Claudia: We have a number of our group who are younger, by that I mean under 30, and
a fair number between 30 and 50. Some of them have gone through transplant and some
are looking
towards transplant. I know you work with transplant patients. Do you see many CML
patients going through transplant?
Dr. Juckett: It is less and less. It was the most common reason for transplantation using
donors, but since 2001, the numbers have fallen off quickly. My approach is to sit down
with people and
discuss both options, Gleevec versus transplant. Of course, they are not exclusive
options. Most people choose Gleevec and if it doesn’t work well, then go for transplant
which I think is pretty
reasonable. We do have good long-term data on transplantation, but we don’t have long-
term data on Gleevec, although the short-term data looks very good.
Claudia: I’d like to summarize a little bit.
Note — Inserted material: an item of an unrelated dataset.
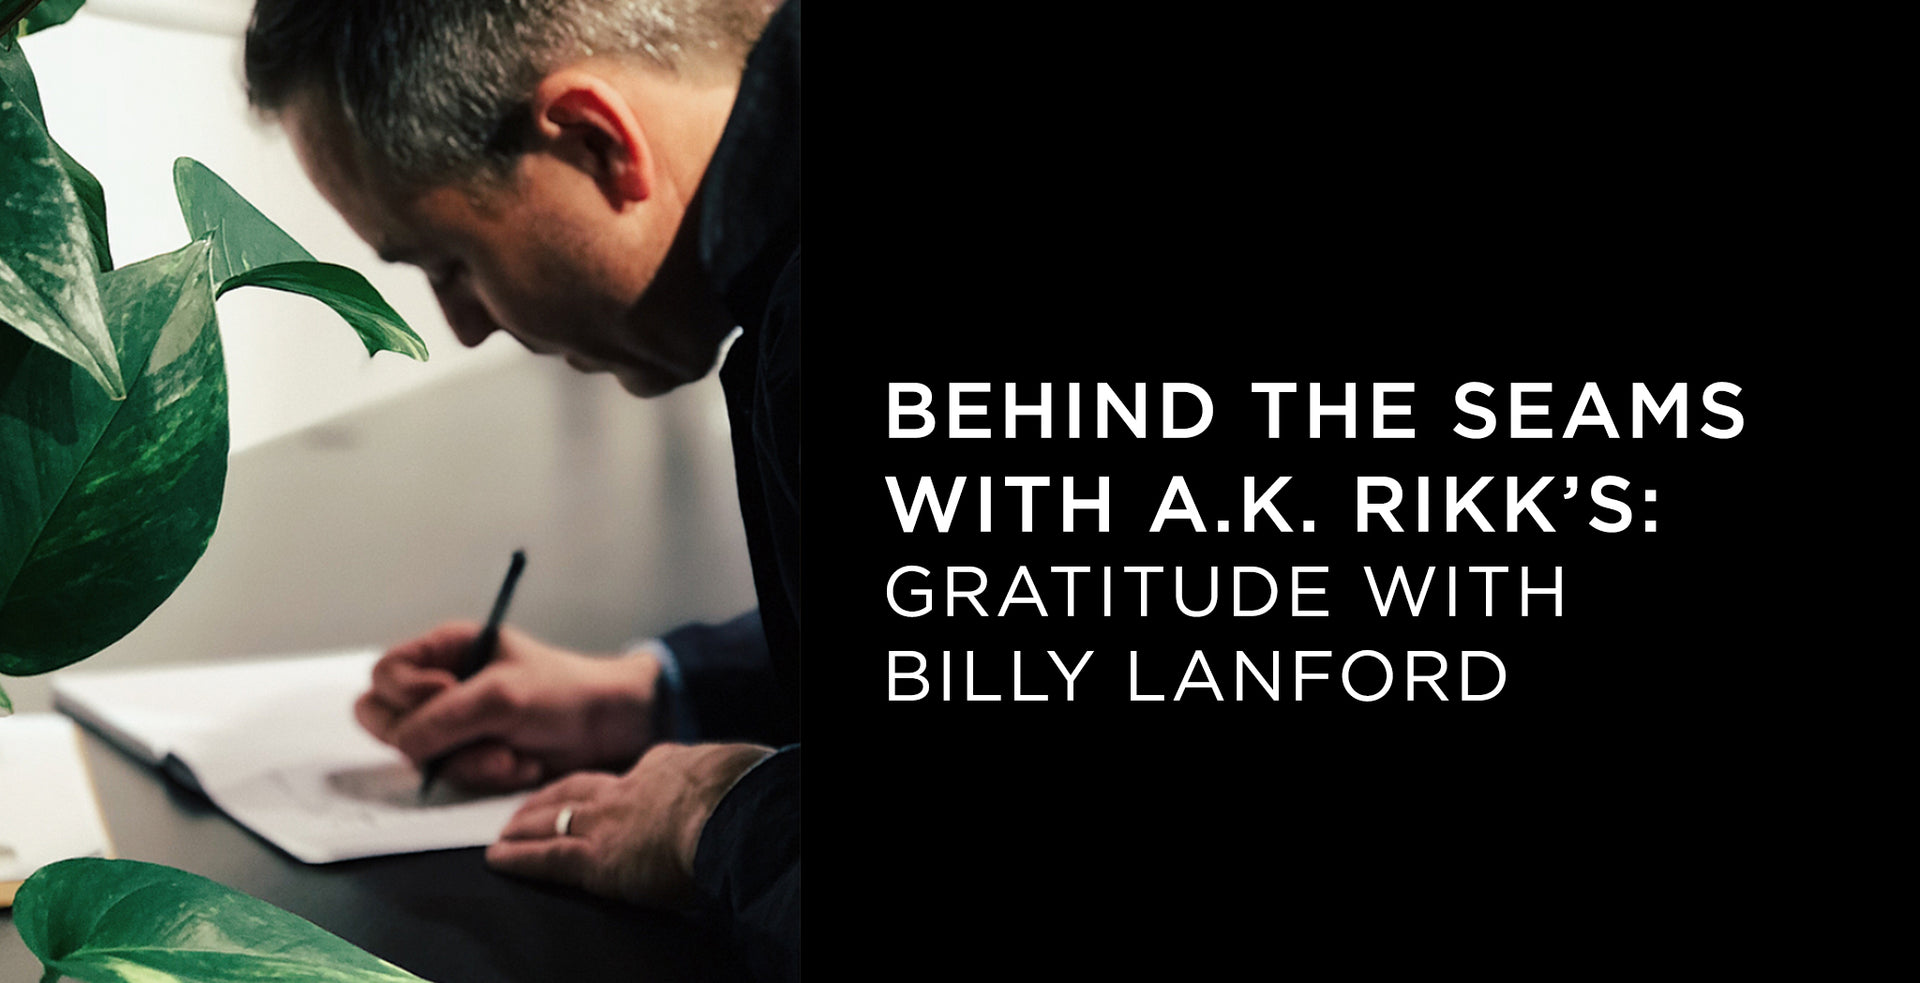 Behind the Seams with A.K. Rikk's: Gratitude with Billy Lanford

You are saying that no one can predict the
future for you, it depends on your individual situation and how you respond to
treatment. The prognosis is for groups, not individuals. Prognosis can be used to help
decide treatment plans. We as patients need to be open with our physicians and discuss
our feelings about our disease and
treatments. Is there anything that I haven’t asked that you’d like to mention?
Dr. Juckett: No. The only thing I’d like to emphasize is that over and over and over,
people will ask me about survival times and they carry a sense of a clock winding down. I
think it is
important to know that people who continue to do well are likely to continue to do well
and that patients should be counting up from day one. Good days tend to bring more
good days.
Claudia: Thank you, Dr. Juckett, for your time. You’ve helped us all understand the
prognosis statistics a little better.